= Records for the task =
--- START ---
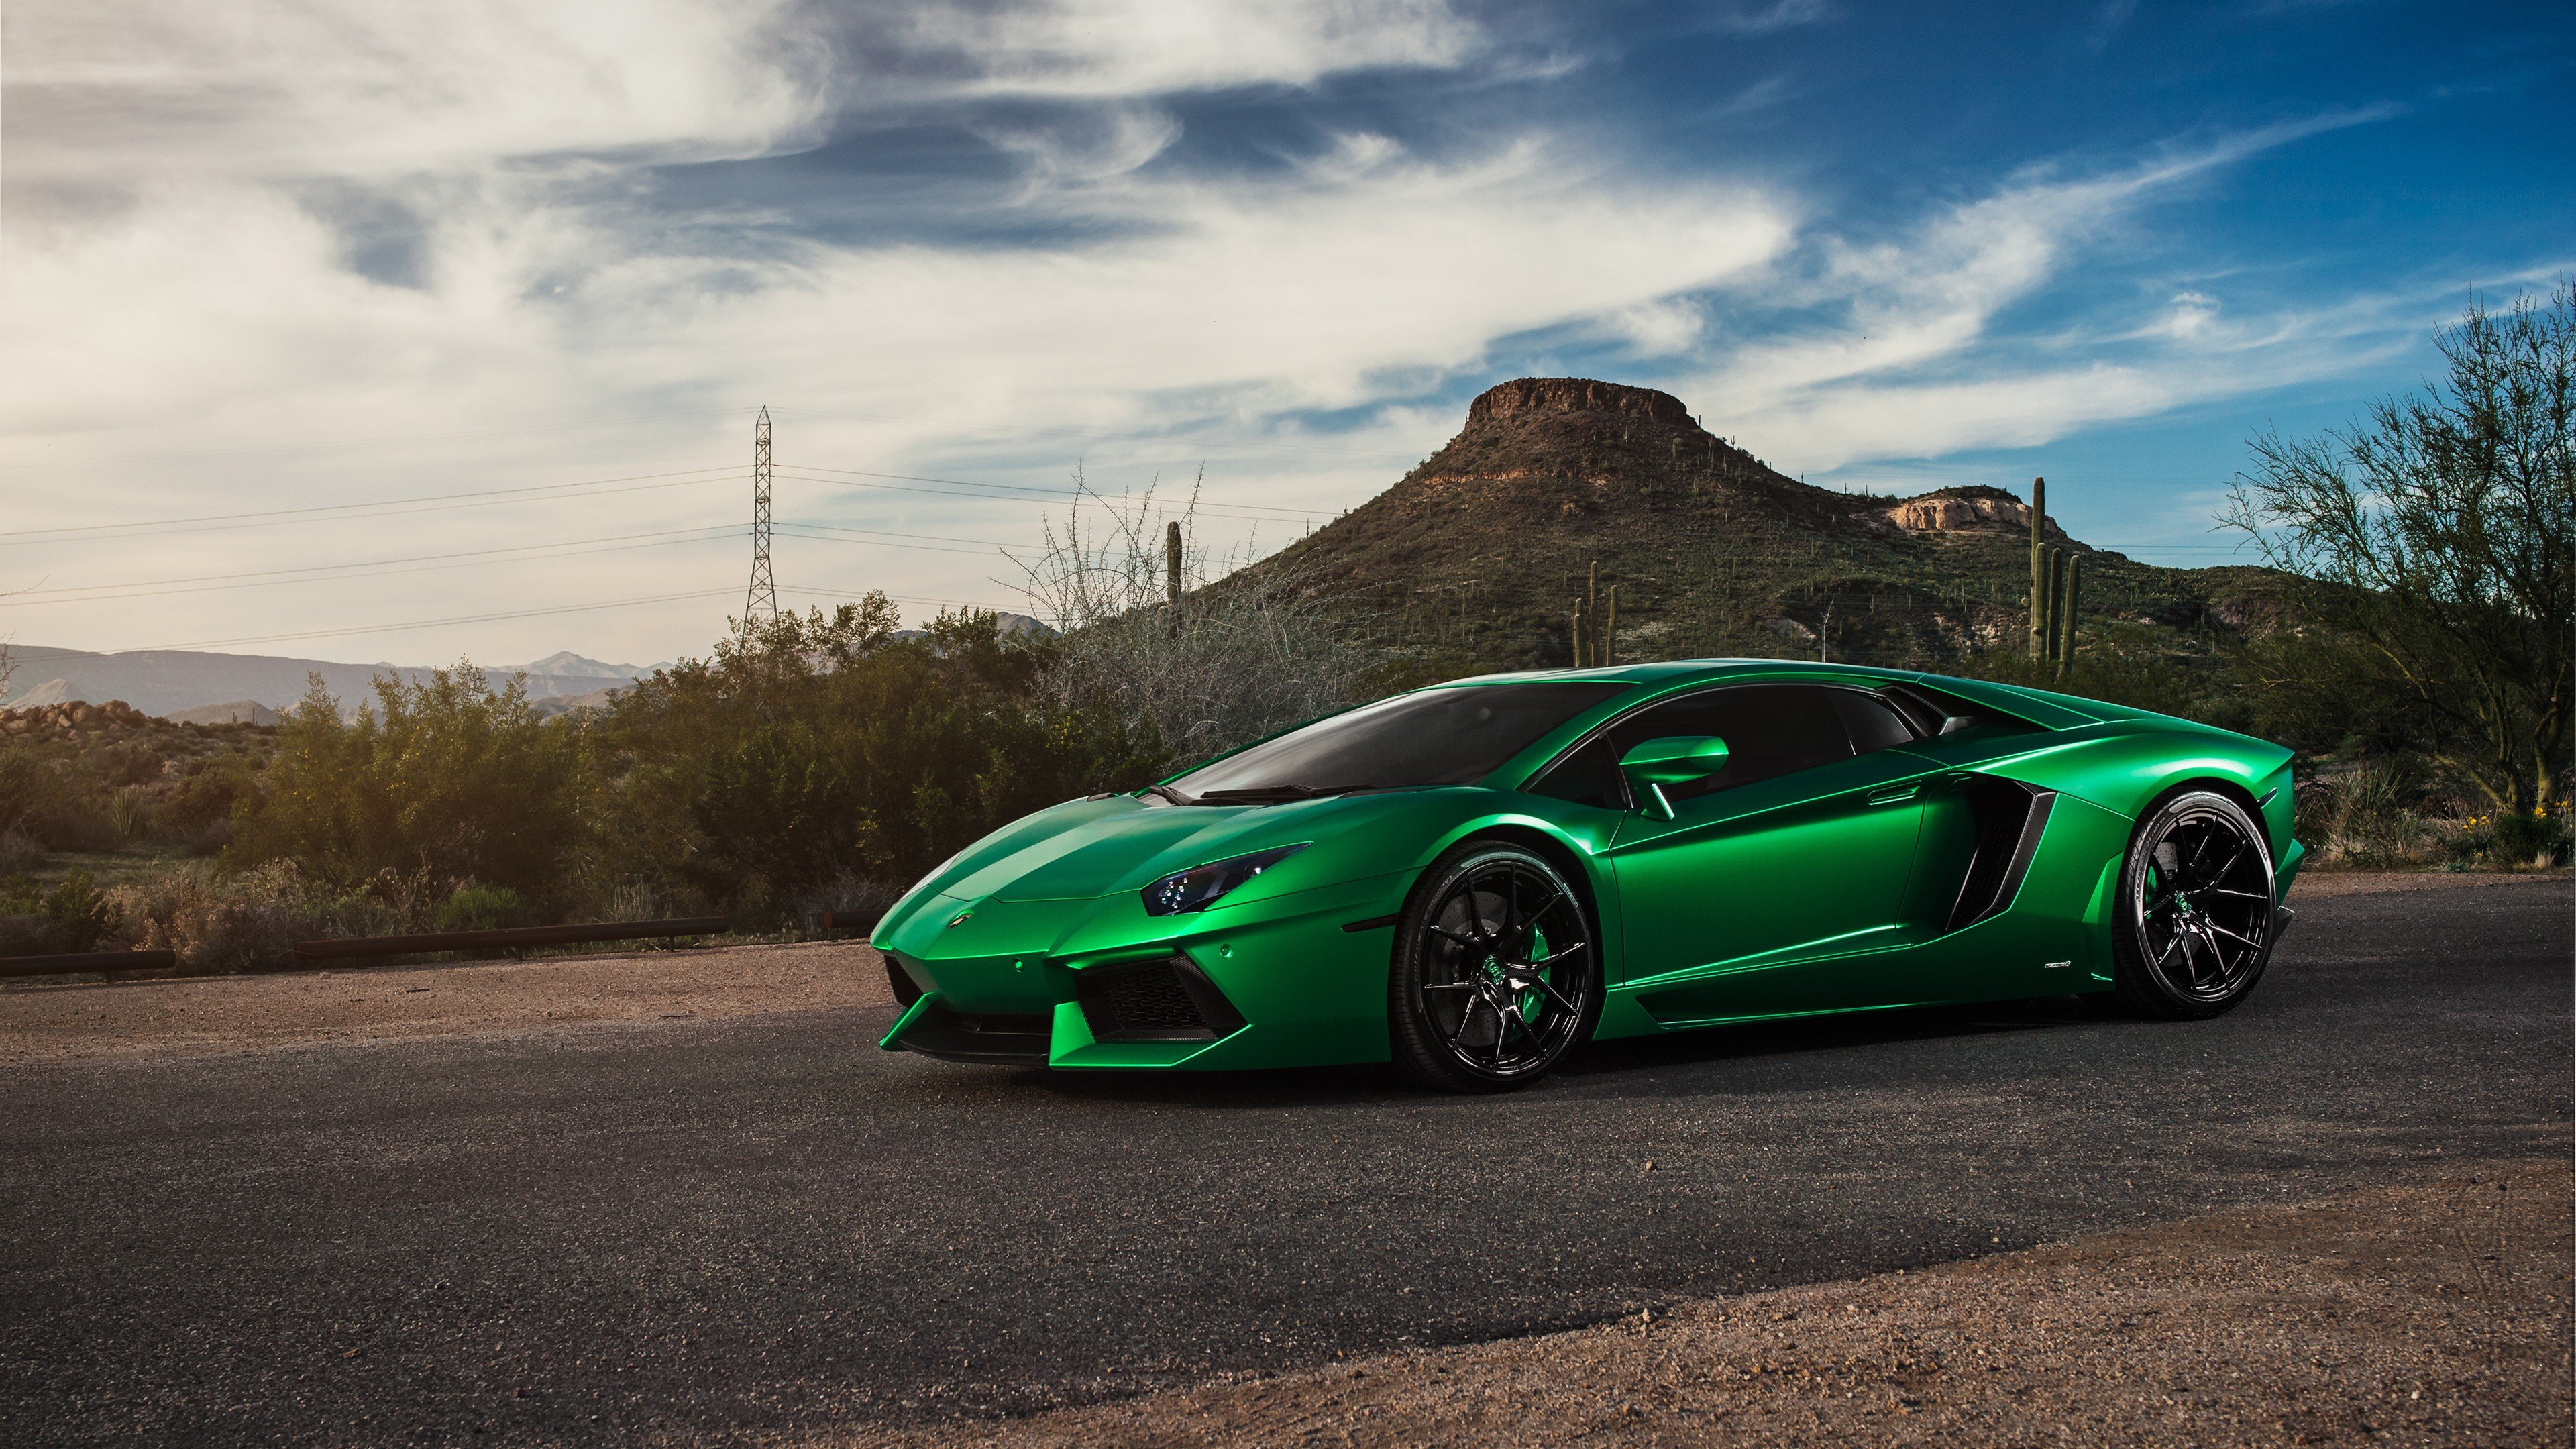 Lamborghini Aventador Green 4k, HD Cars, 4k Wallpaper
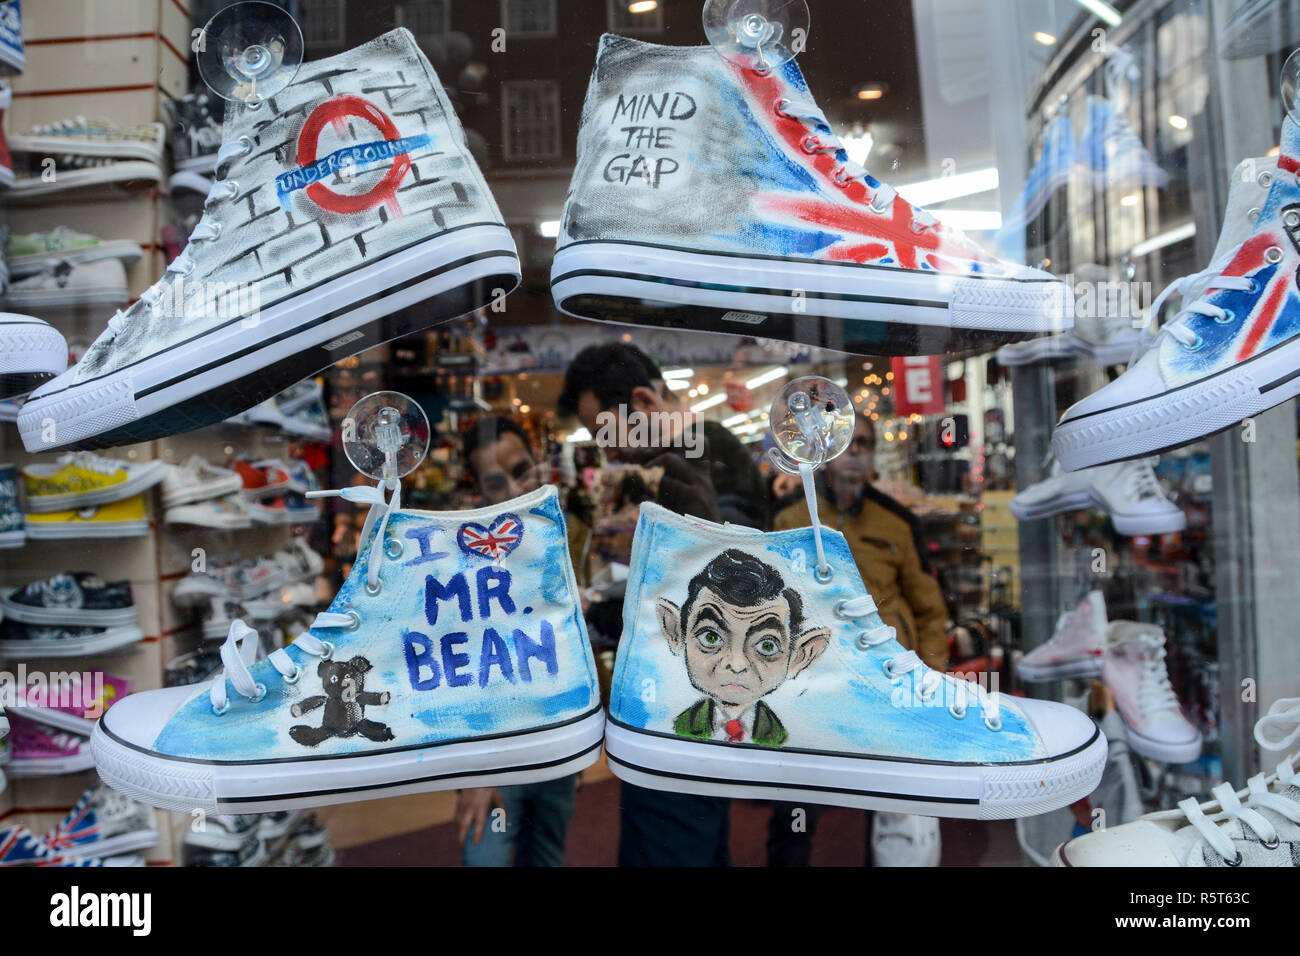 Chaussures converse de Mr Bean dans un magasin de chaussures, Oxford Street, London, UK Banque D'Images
--- END ---
--- START ---
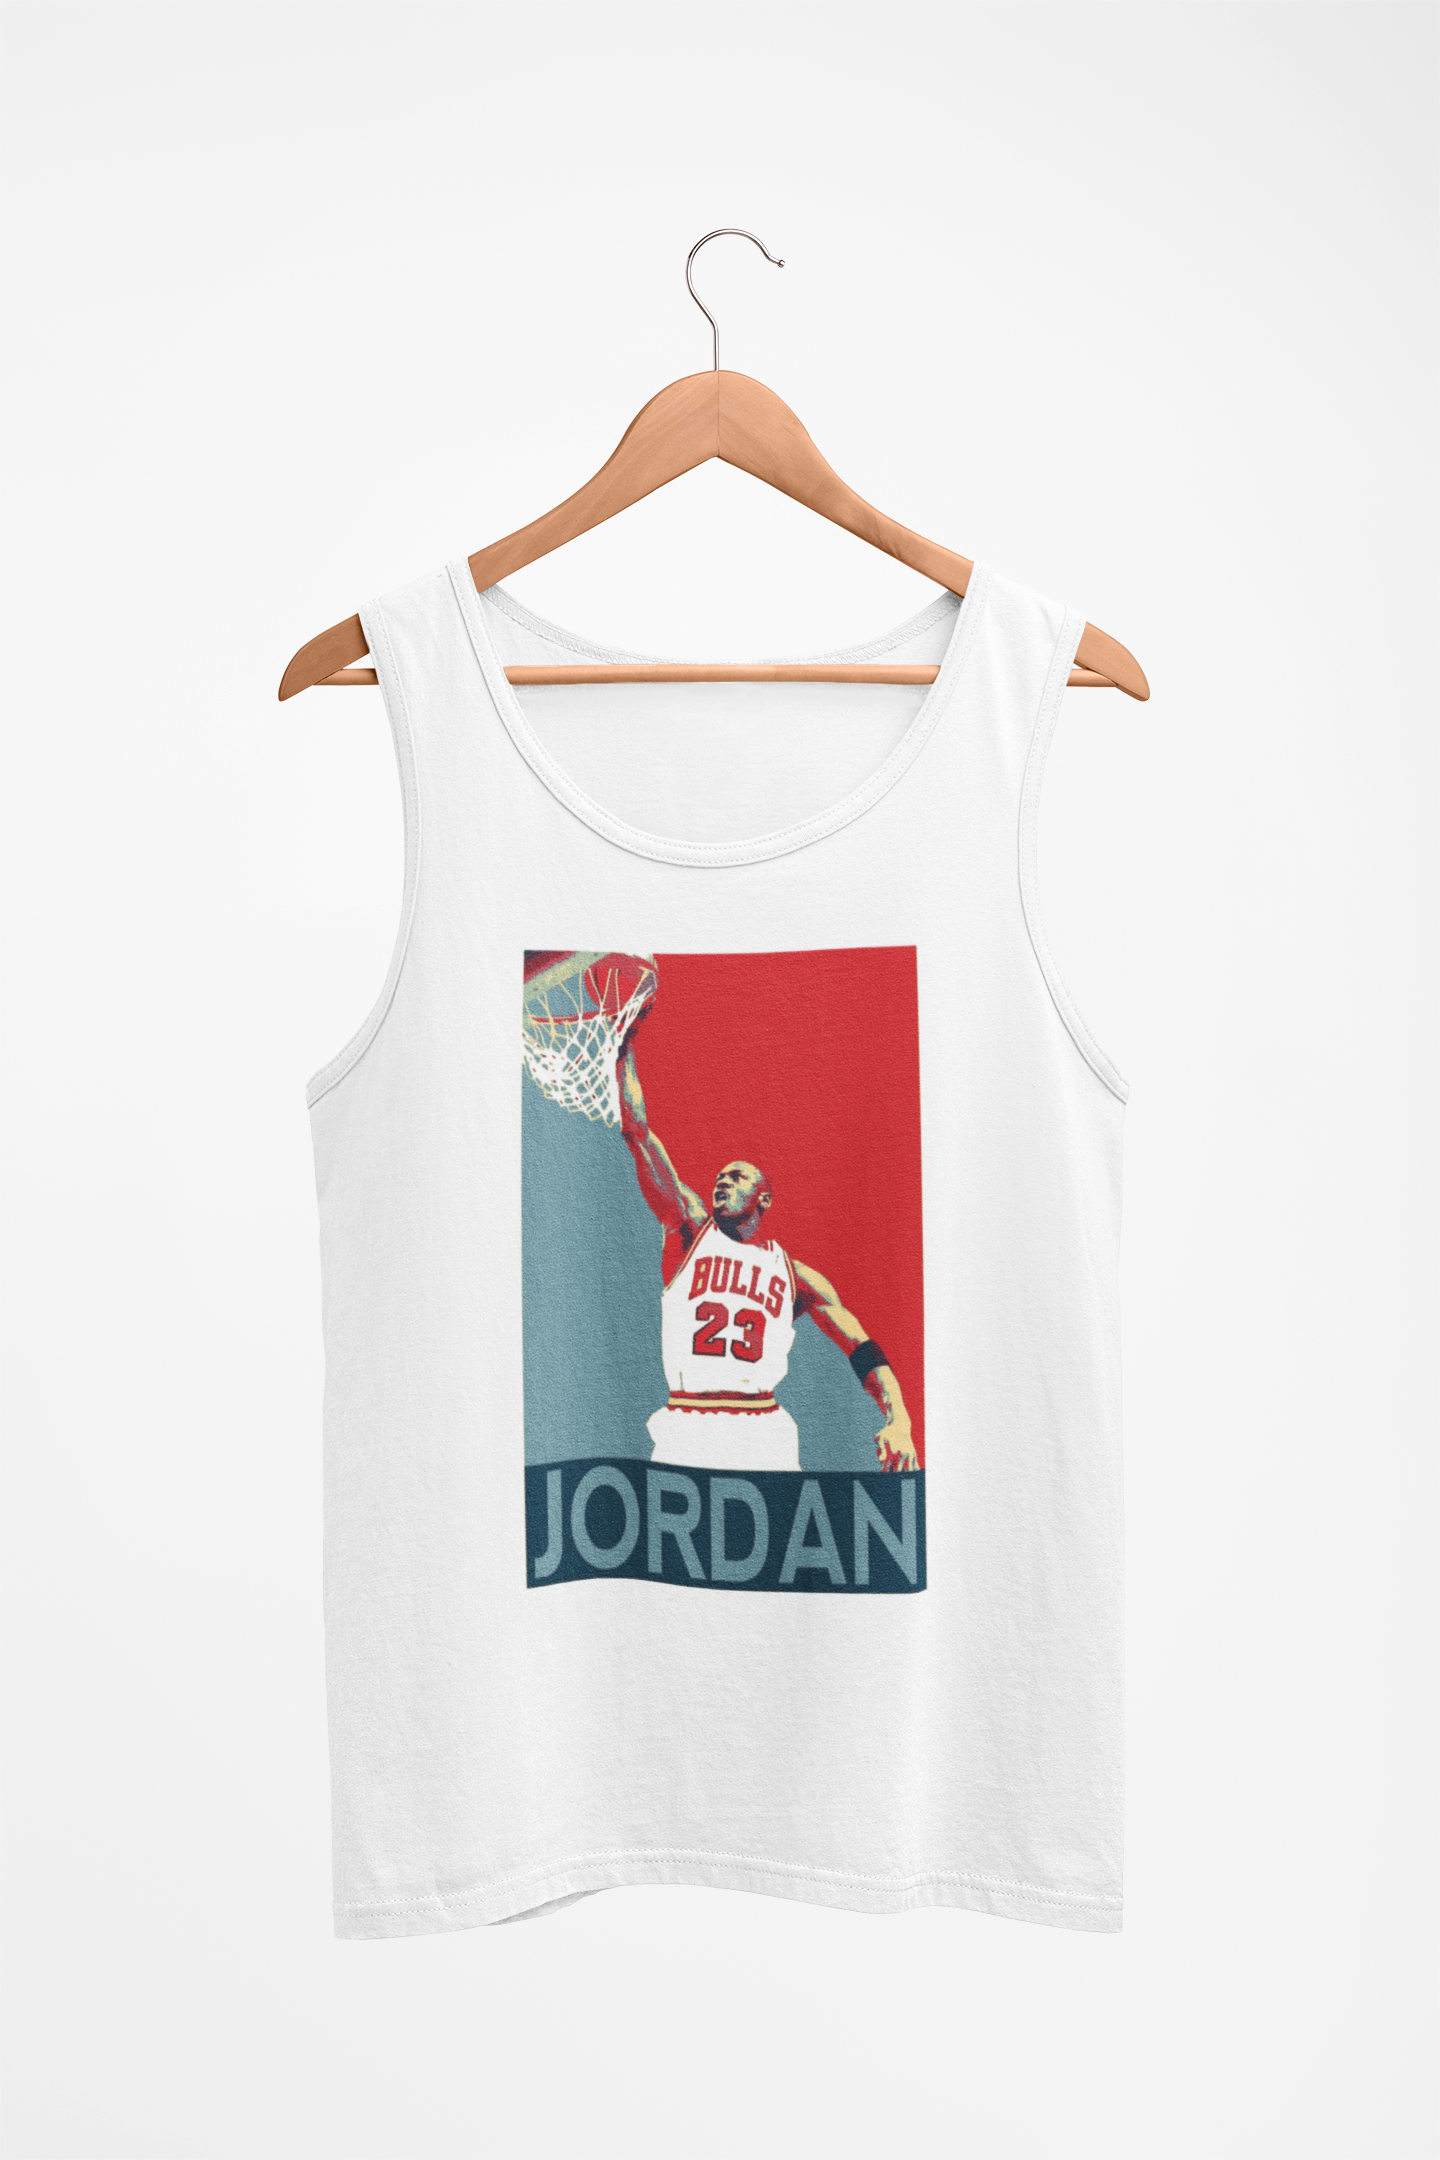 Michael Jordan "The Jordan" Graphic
--- END ---
= Problem to work on =
Range to print from the listing above: from the line with "Lamborghini Aventador Green" up to and including the line with "Chaussures converse de". Please print those lines exactly, with no pictures and nothing more.

= The completed task =
 Lamborghini Aventador Green 4k, HD Cars, 4k Wallpaper
 Chaussures converse de Mr Bean dans un magasin de chaussures, Oxford Street, London, UK Banque D'Images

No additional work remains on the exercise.